The President delivered the keynote address on the subjects of “heritage, home and healing”.

During his speech, the President spoke of the importance of “such deep reflection on our past as many generate hope for the future” which could lead ultimately to healing.

“Our individual memory, we must never forget, is entwined with the memories of so many others,” he said.

“Unravelling the knots of memories,” he said, can be challenging and often painful, but it is ultimately “a rewarding and even cathartic task”, but one which “requires acts of leadership at all levels and from disparate quarters, from all of us”.

He paid tribute to the peacebuilding work of John Hume and spoke of the debt of gratitude owed to Seamus Heaney, quoting his lines from The Cure at Troy and the now-famous phrase, "hope and history rhyme".

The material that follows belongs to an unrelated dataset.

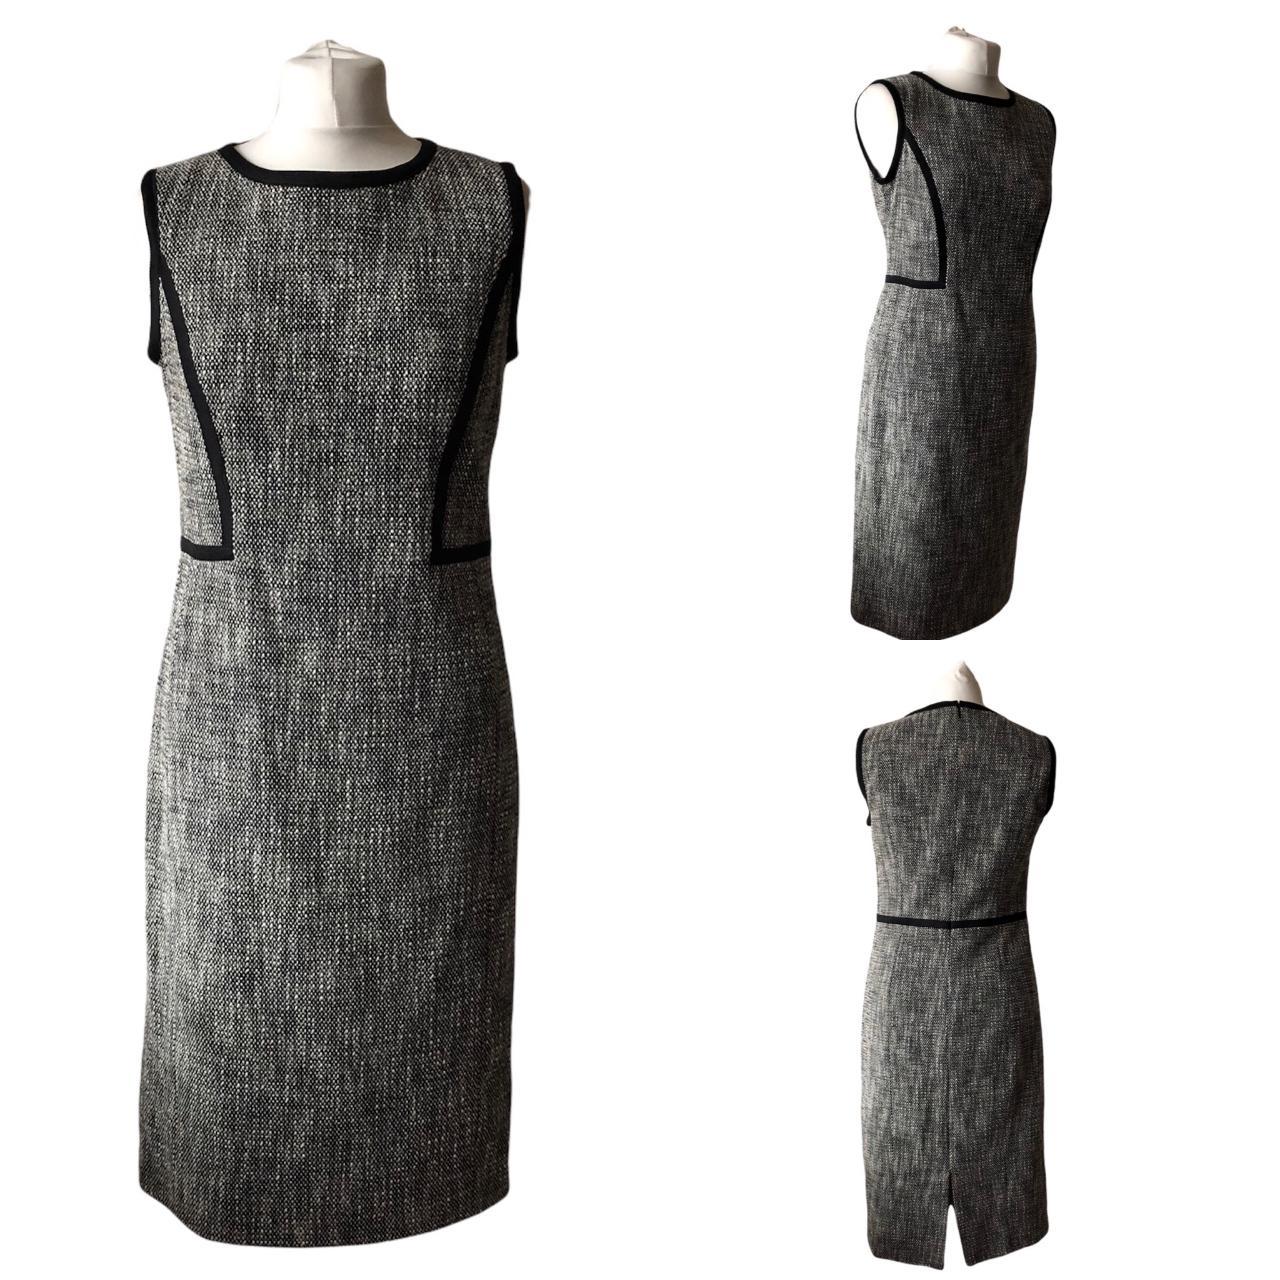 Hobbs Classic Black Tweed Boucle Effect Dress Size... - Depop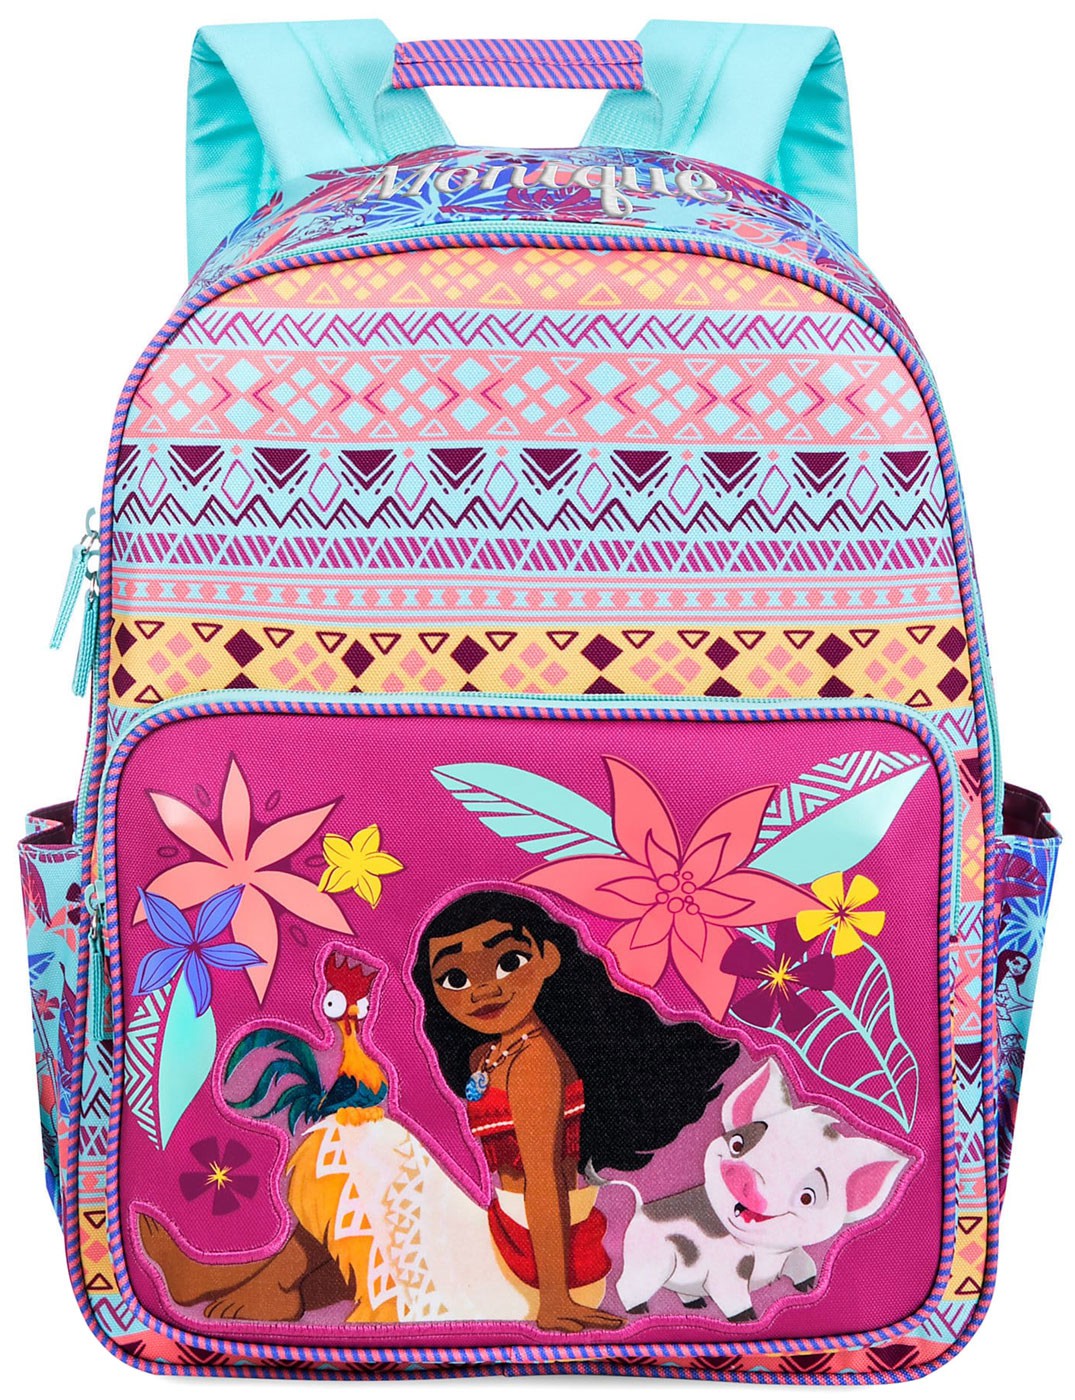 Disney Moana Moana Backpack - image 1 of 3

This, he said, "became a widely cited poem in the glow of the 1998 Good Friday [Belfast] Agreement and continues as an invocation," used most recently by the US President Joe Biden in his inauguration speech.

“President Biden’s offer of a moral reawakening on our global responsibilities, including how we respond to Covid-19 and climate change, global conflicts gone on too long, is so much in that spirit,” the President said. “May the sea-change gain strength and continue. I wish him the blessings of necessary courage.”

The President also spoke of the importance of listening and recognising facts and events from the past, however difficult, as a “necessary prerequisite for any meaningful healing.

“Lasting peace will only be embedded to achieve its best harvest when we each have the generosity and the empathy to recognise that we must see as our materials the common humanity of the other, including that of former enemies, to whom we accord respect of so much more than tolerance, to their differing perspectives and narratives,” he said.

“For the sake of the future we will share, we must be unshackled from the snares of the past.

“Creating a space for forgiveness is essential and can be achieved, and it will aid the process of healing, even through contact, and will go on to enable us to live together on this shared island with our eyes on the light and loves of a shared future lived together in endless curiosity - nothing closed,” he said.